Question

Purpose of concatenation

0

Entering edit mode

4.5 years ago

roshan.vaid • 0

What is the purpose of concatenating paired end reads? how does it influence downstream analysis like mapping? Do you use concatenated files as input for mapping?

sequencing ChIP-Seq • 956 views

ADD COMMENT • link updated 4.5 years ago by Brice Sarver ★ 3.8k • written 4.5 years ago by roshan.vaid • 0

score 5 · Answer 1 · 2019-10-11

The answer to this question will depend on what you mean by 'concatenating' paired-end reads.
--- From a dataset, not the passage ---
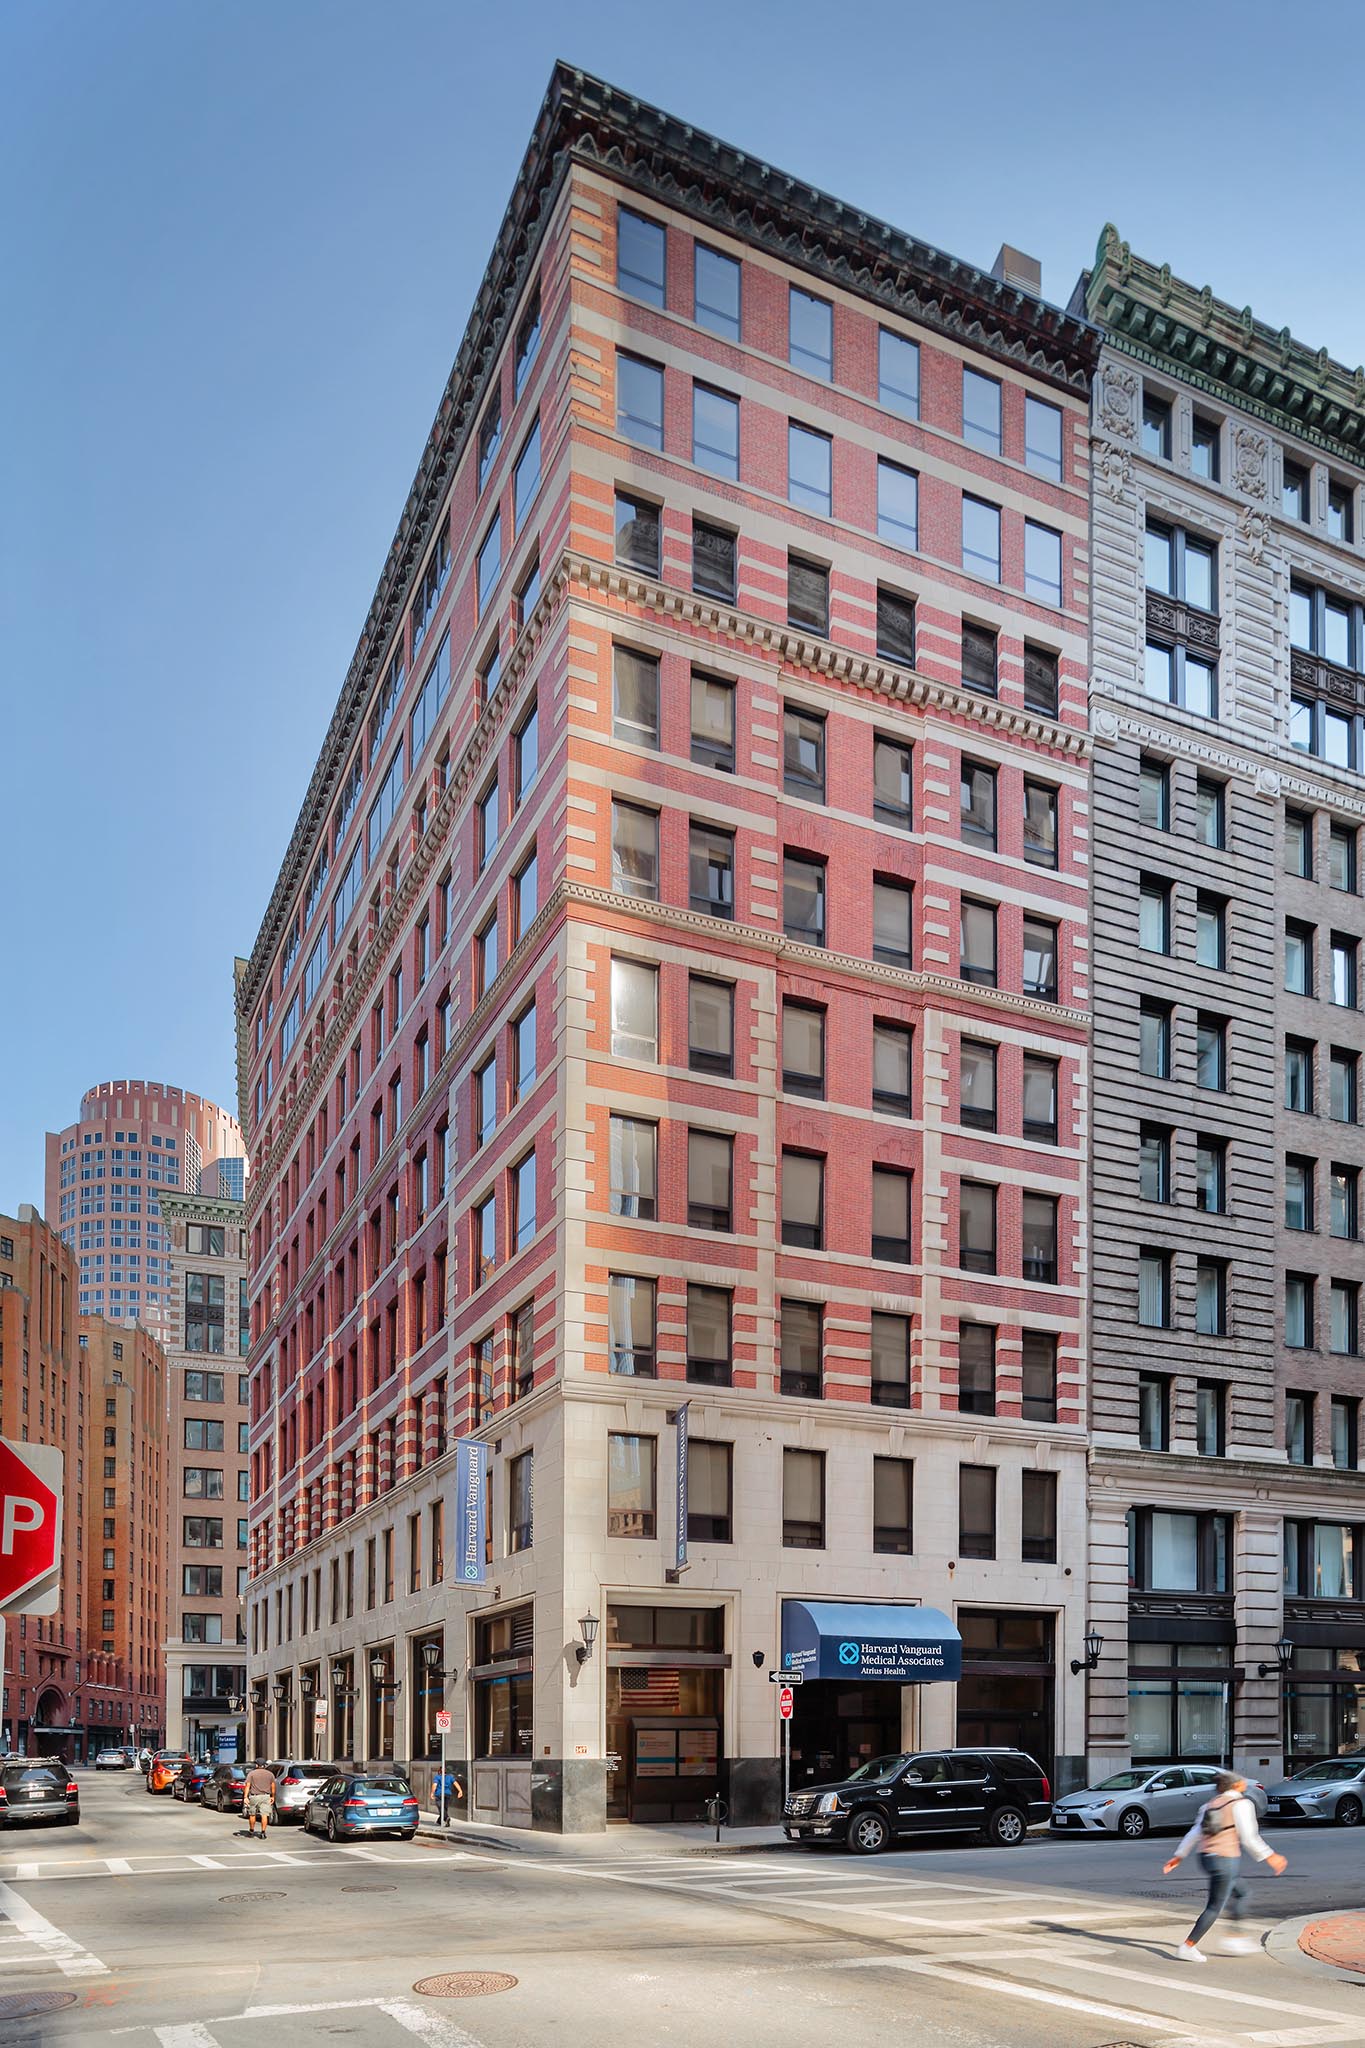 News Release: Newmark Completes Sale of 147 Milk Street in Downtown Boston,  Massachusetts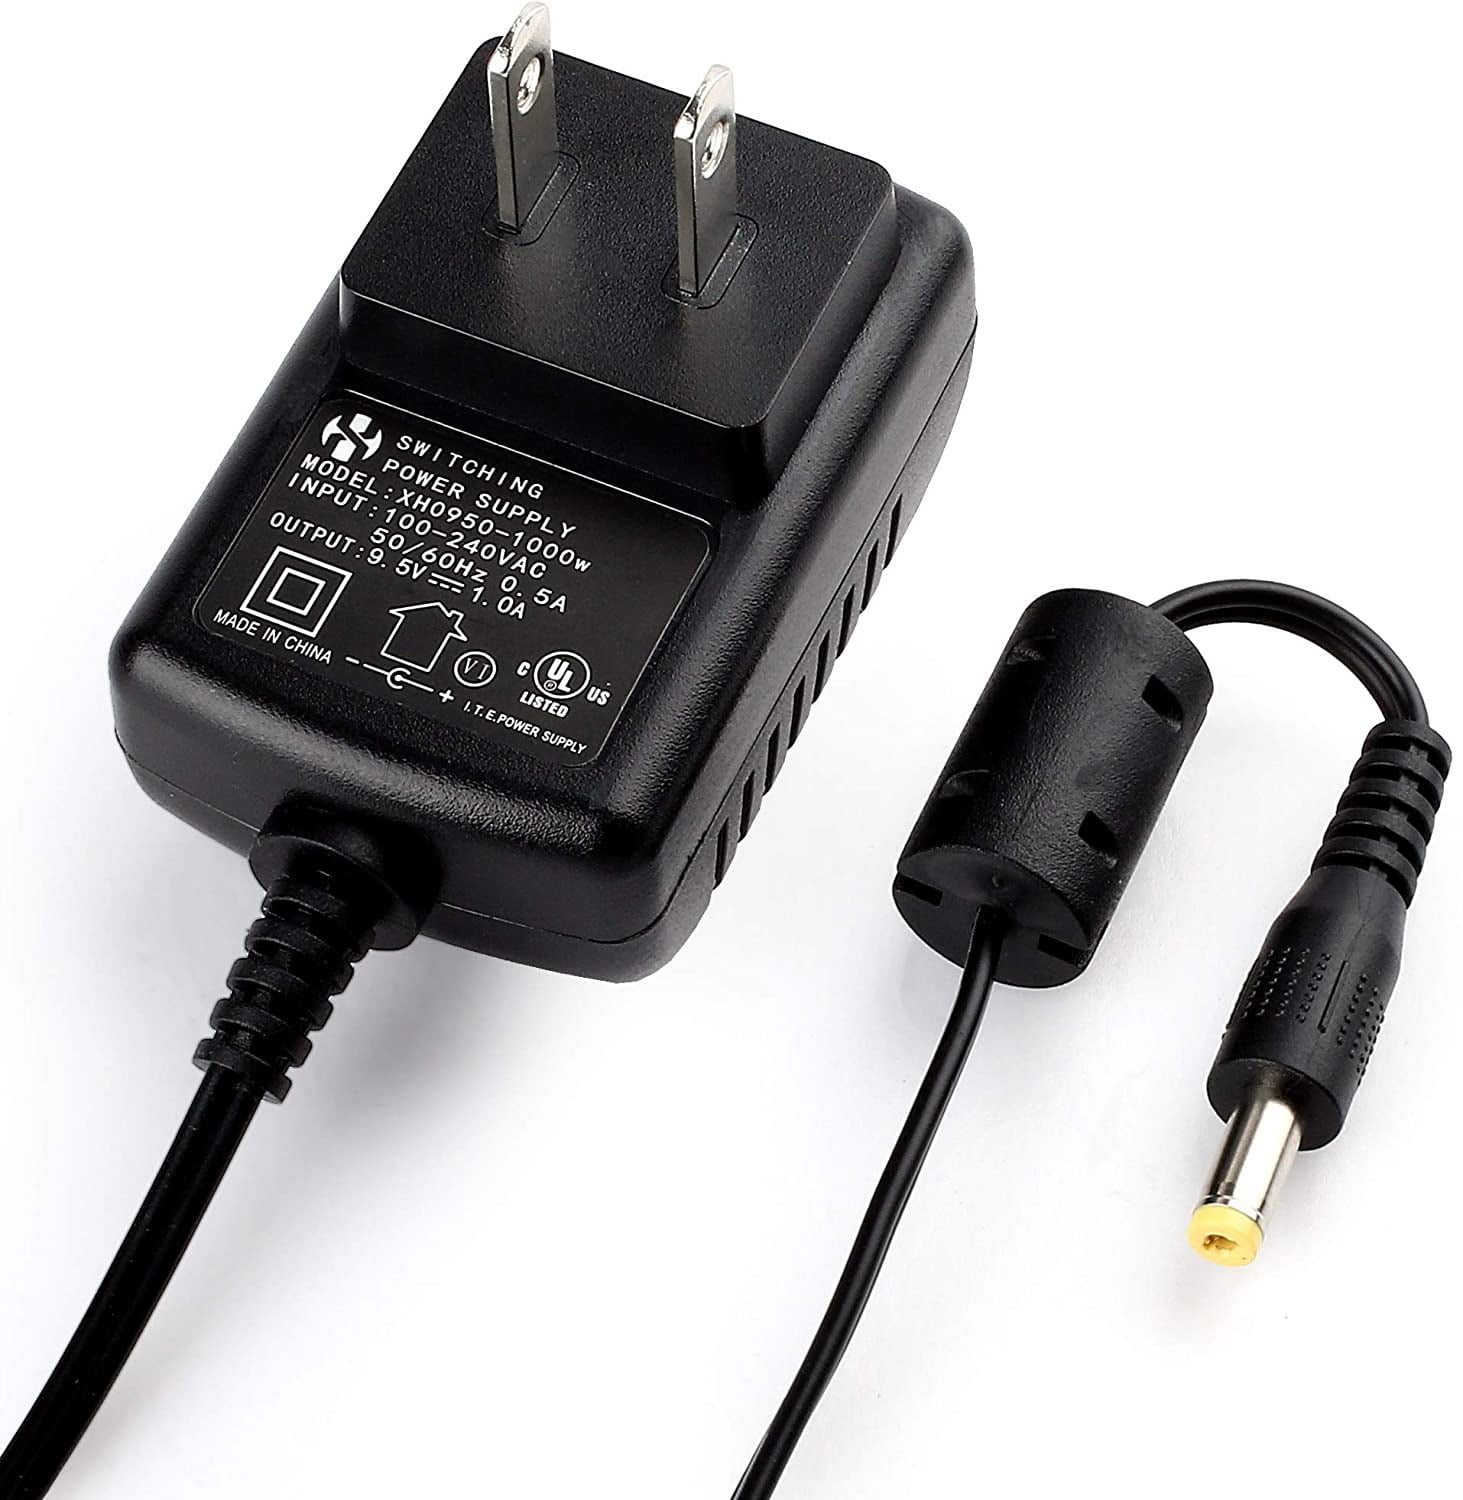 Adaptador Ac Upbright Ac-dc Adapter Compatible With Snow S

FASTQ files that have been split can be combined by concatenating them, e.g., cat fq1_R1_001.fq fq2_R1_002.fq > all.fq. These can also come from the same sample, though you may be better off analyzing them separately in some cases (e.g., same sample, different sequencing runs). Lots of advice on Biostars with respect to what to do in these situation.
Paired-end FASTQs can be combined into a single, interleaved FASTQ where both reads are present in a single file. You may need to specify a flag or pass these in a particular fashion when mapping.
Completely overlapping reads can be merged into a single read with various options of how to handle discordance. Recall that you're sequencing an individual molecule, so this turns two PE reads into one SE read.
I can't think of any reason (others, let me know if there is a good one) why you'd combine a forward and reverse read that don't overlap, unless you were trying to write your own base composition analysis script or something. Even then...

Each read/read pair is mapped against the reference you've provided. BAMs can even be merged after initial mapping, assuming the same sample and the same reference. No real reason to not give a mapper all the reads at one time unless, say, you're dealing with a huge number of reads and running into memory issues.